▸ TASK DIRECTIONS:
The reply should contain all the data below, repeated exactly, and none of the images.

▸ PROVIDED MATERIAL:
▬▬▬

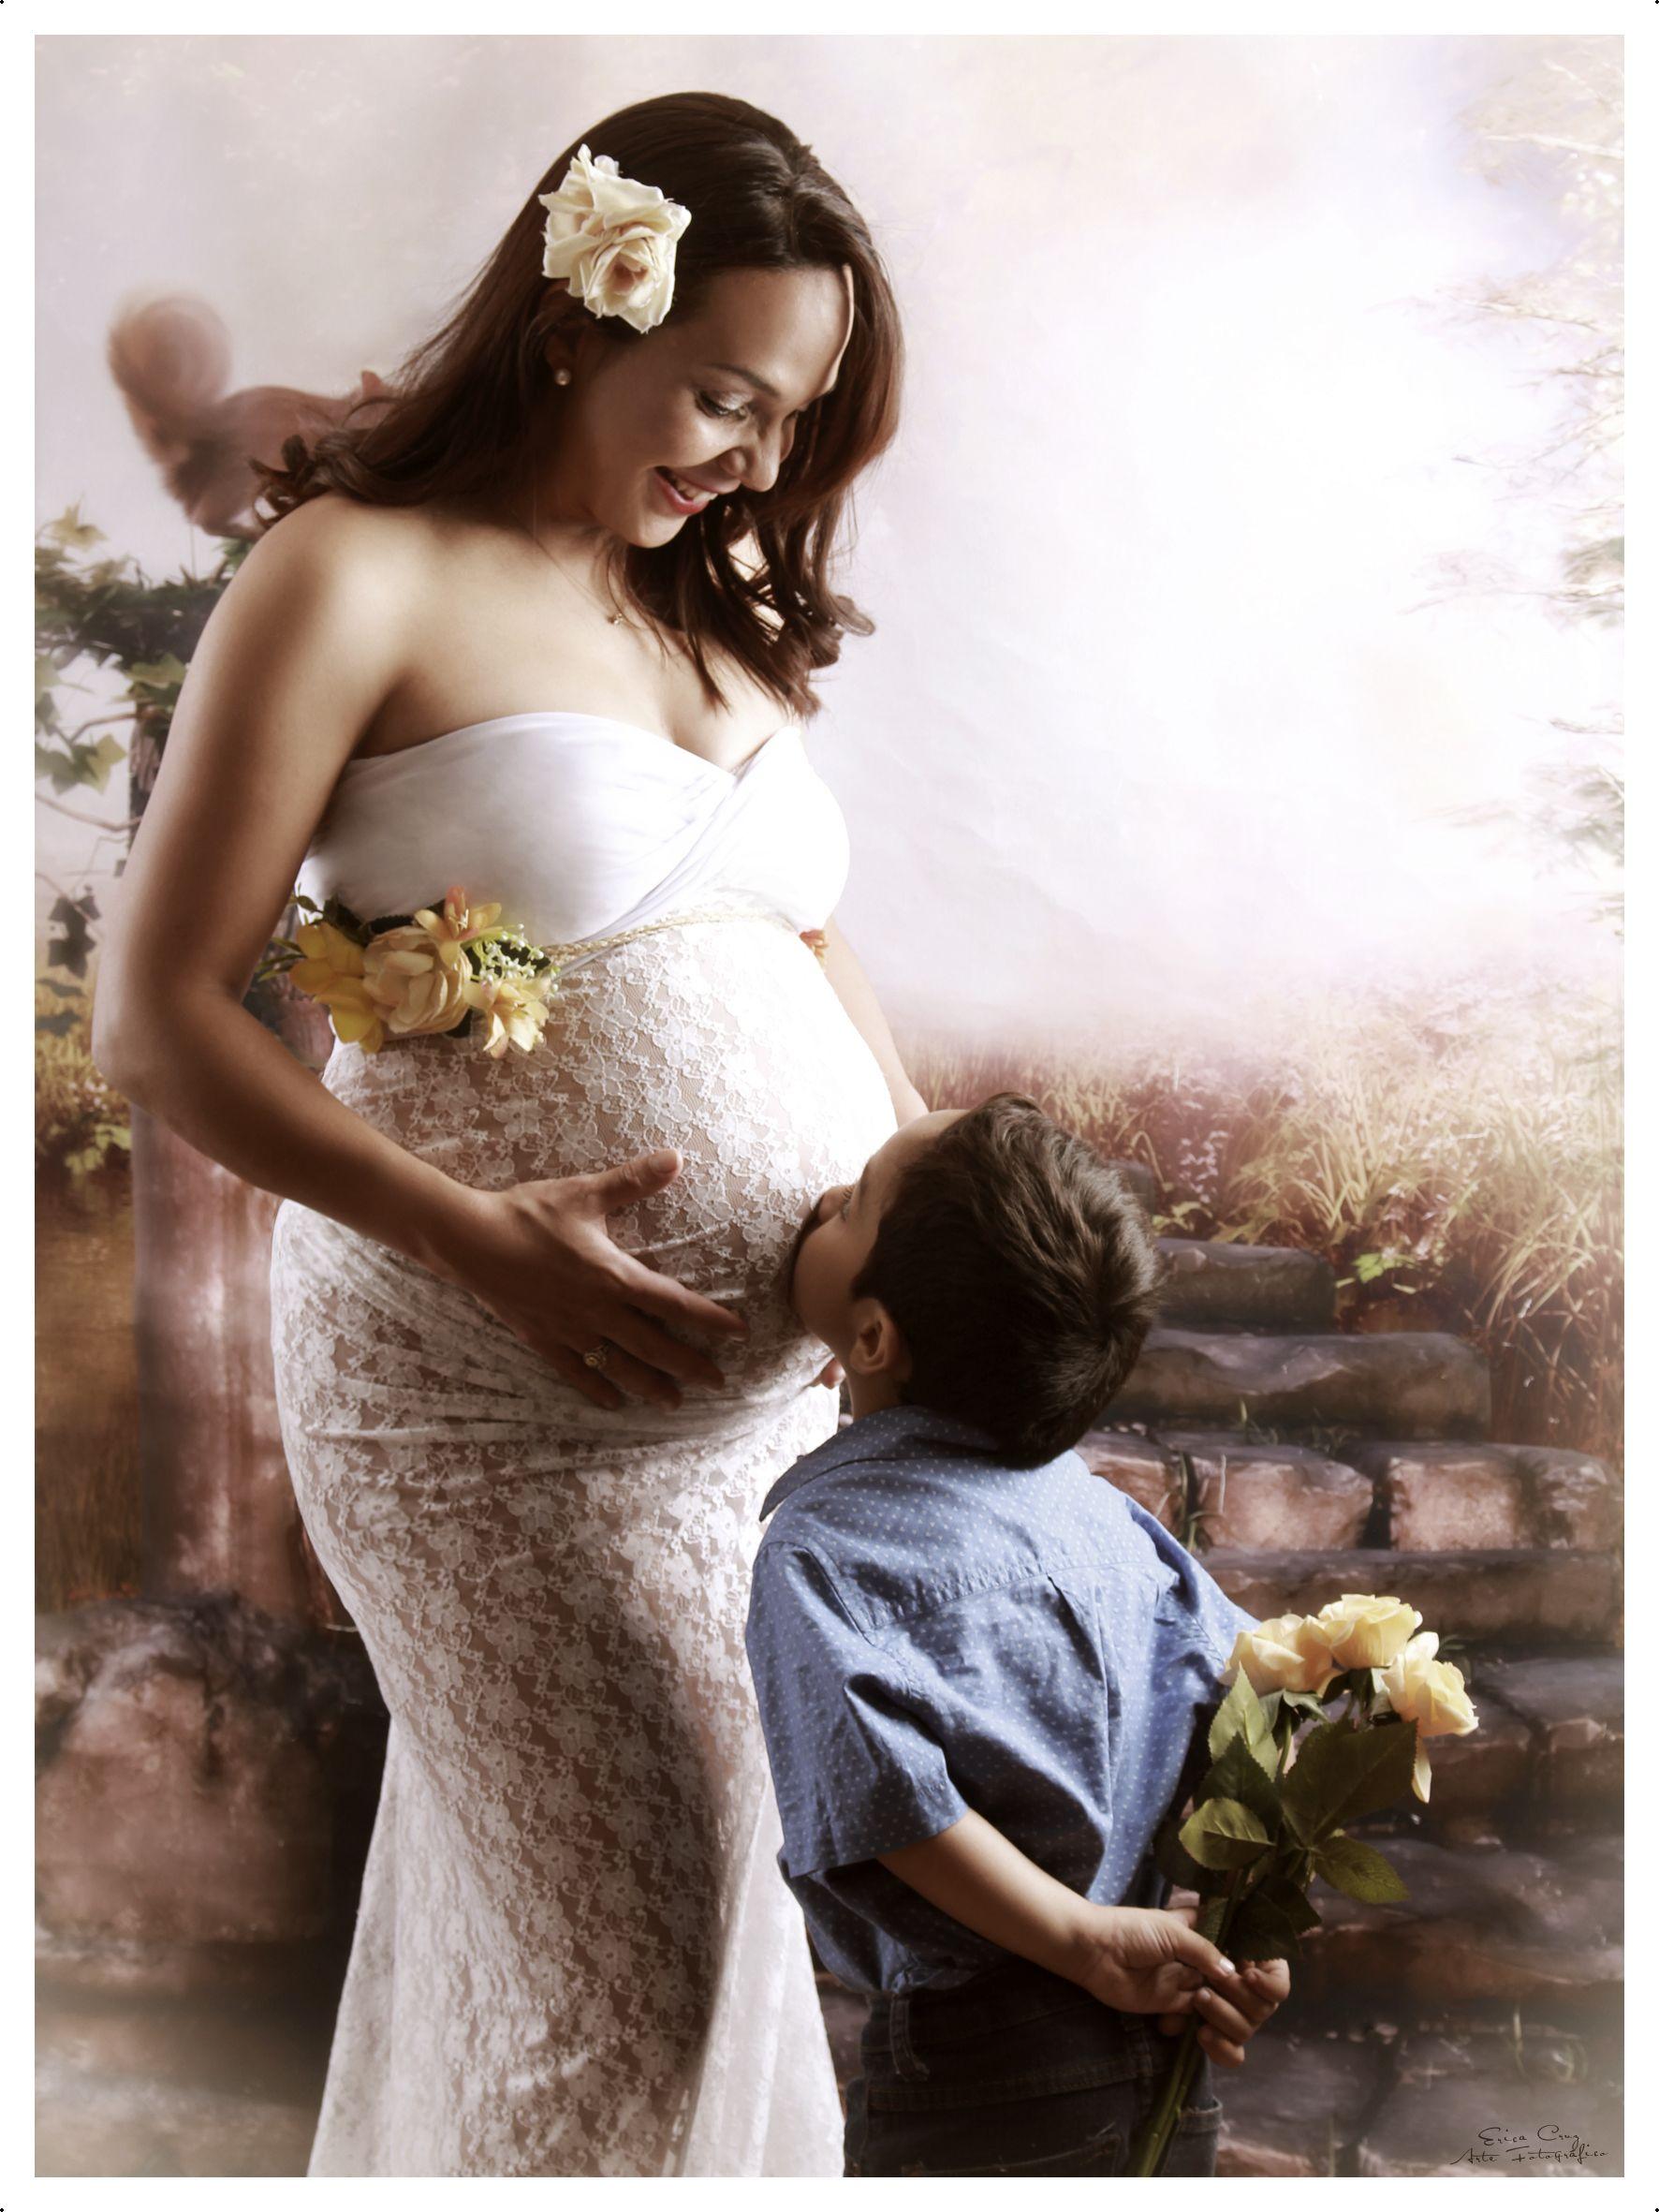 Pin On Maternidad
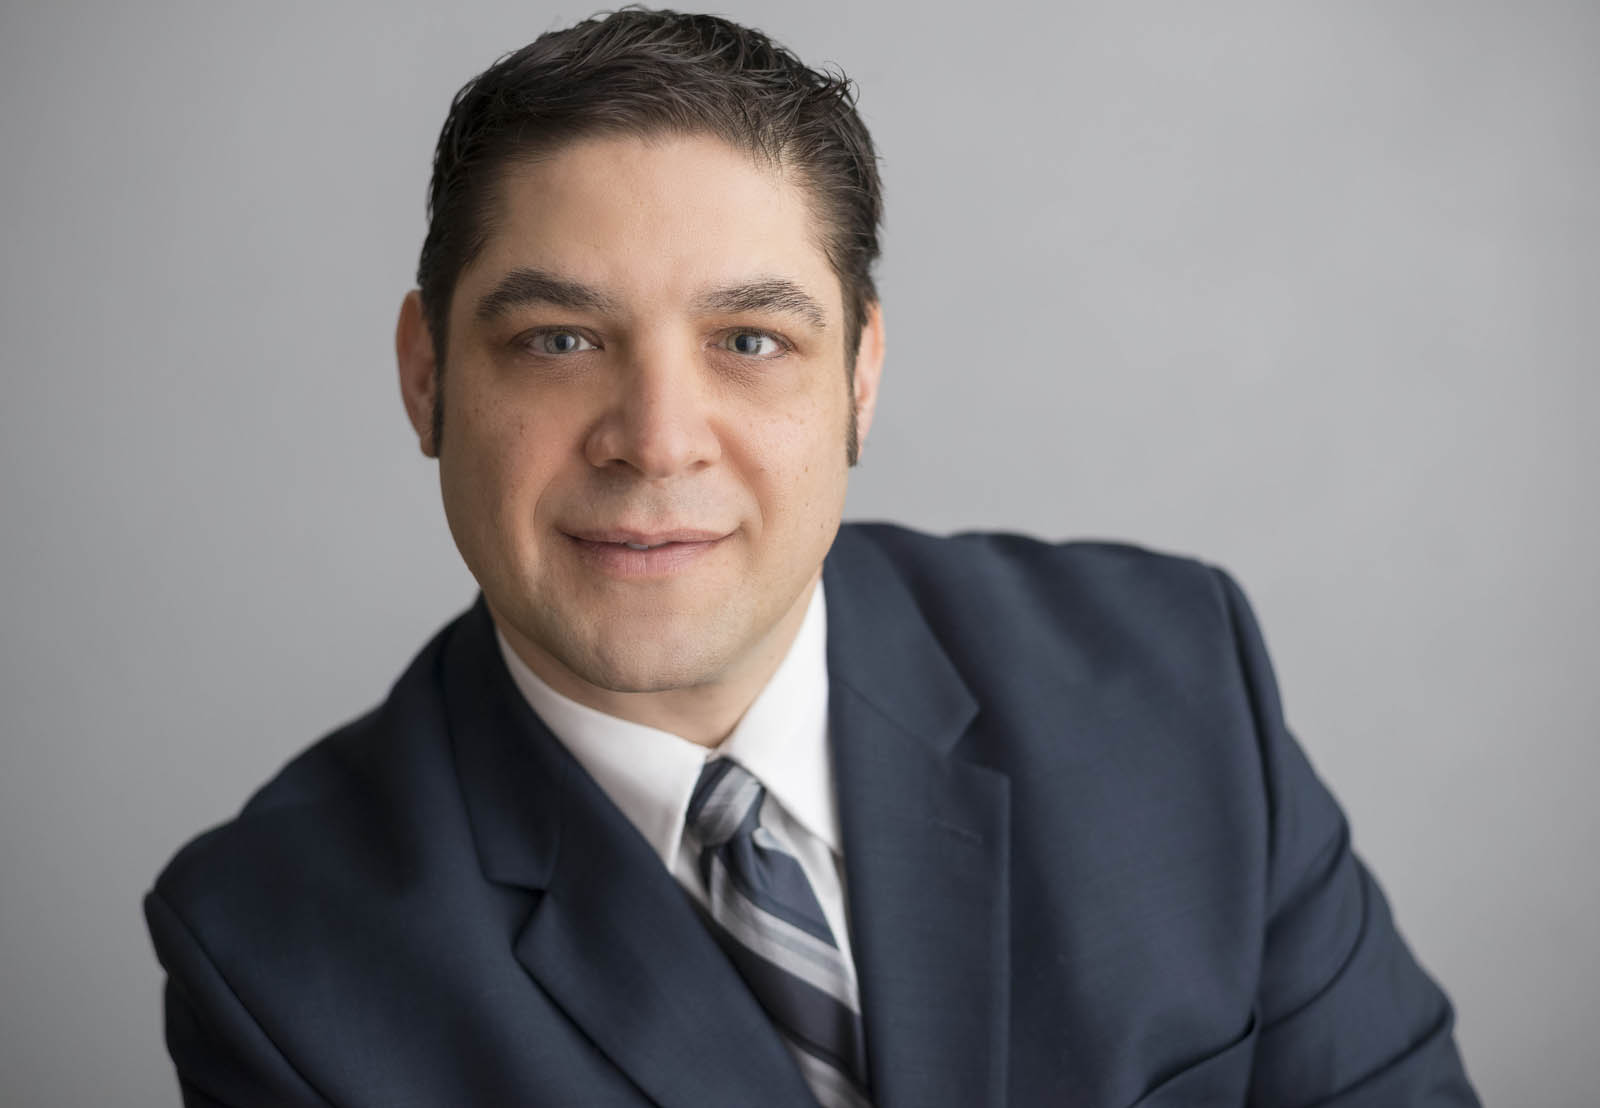 Michael Calogero, Chief Financial Officer
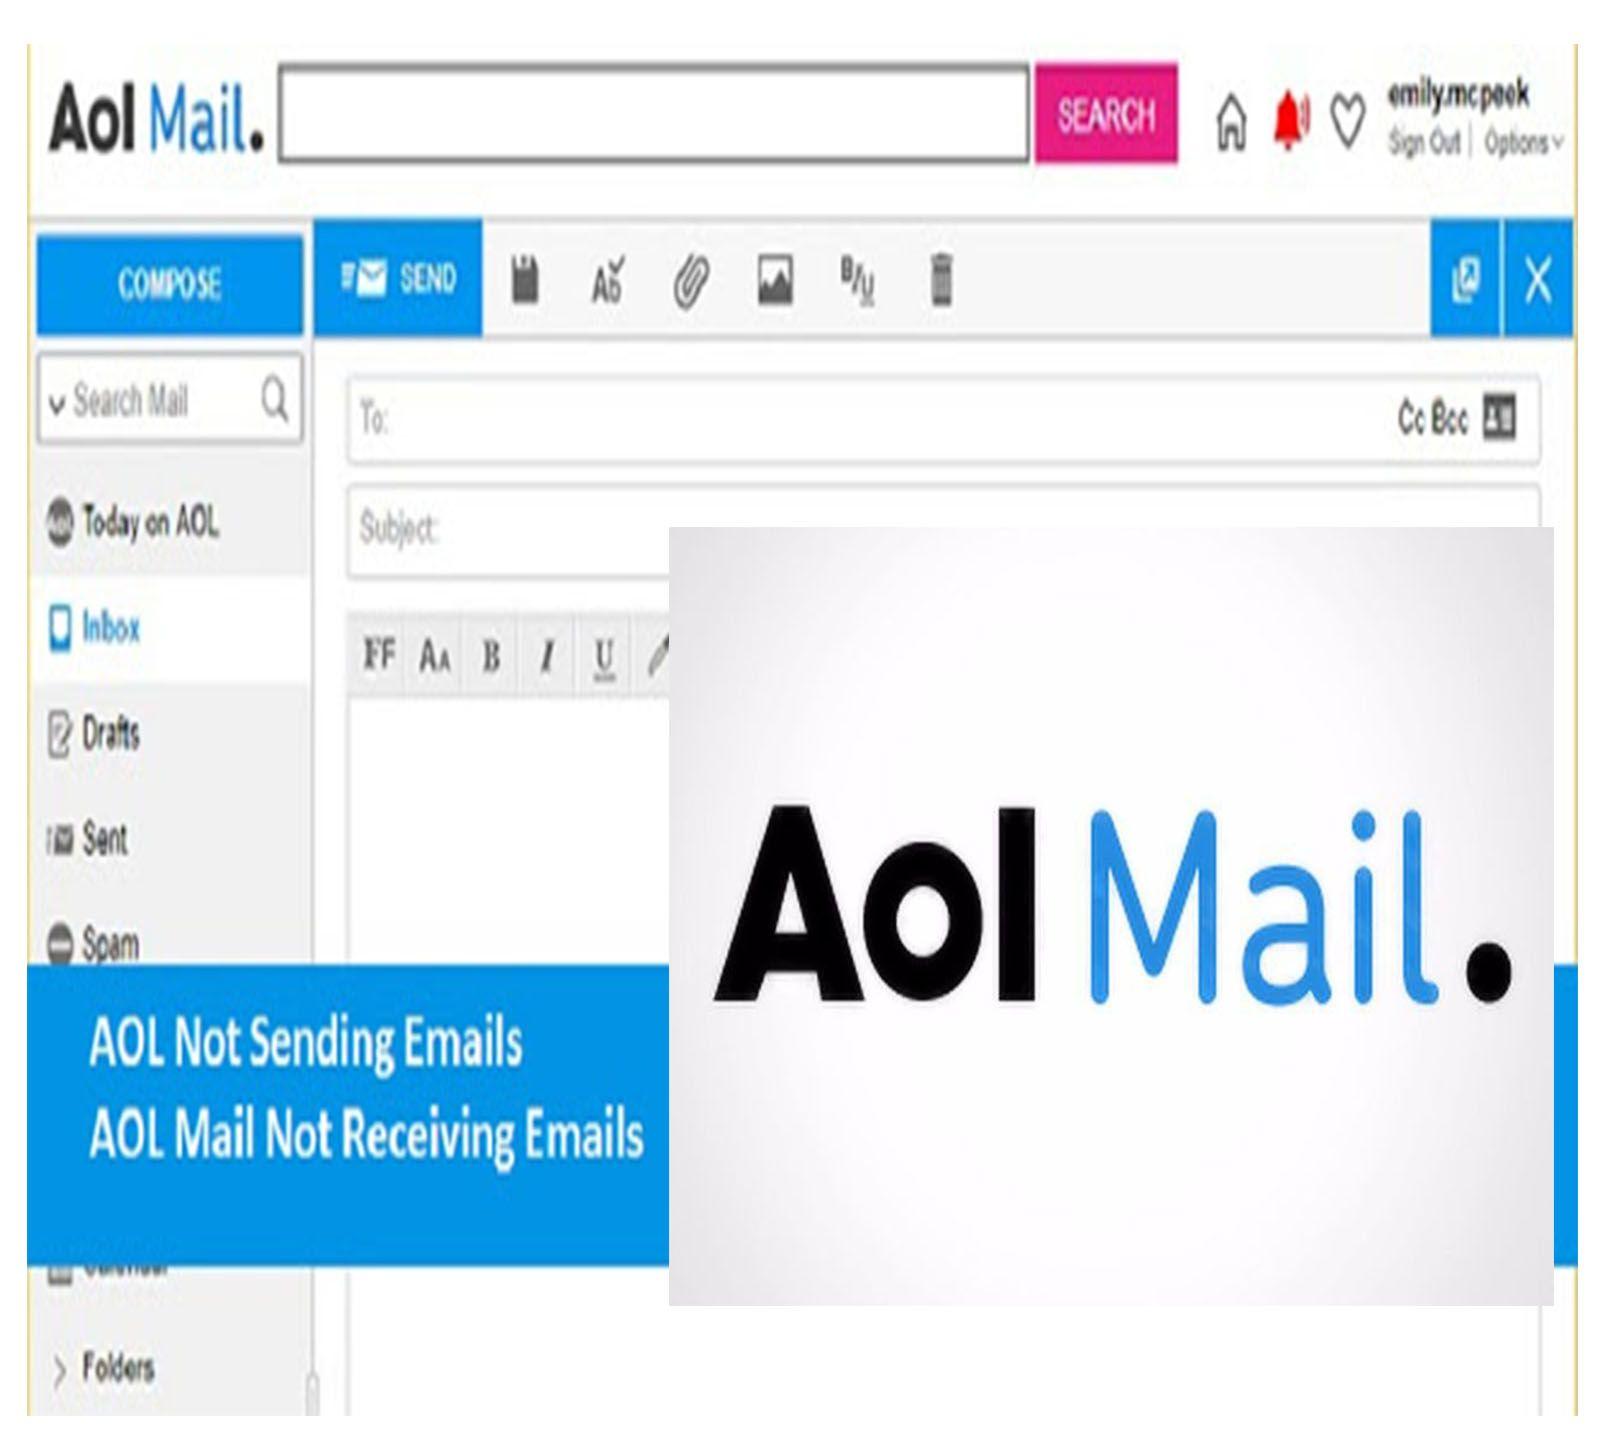 aol mail login site aol mail down my aol mail login screen

▬▬▬

▸ SOLUTION TO THIS EXERCISE:
 Pin On Maternidad
 Michael Calogero, Chief Financial Officer
 aol mail login site aol mail down my aol mail login screen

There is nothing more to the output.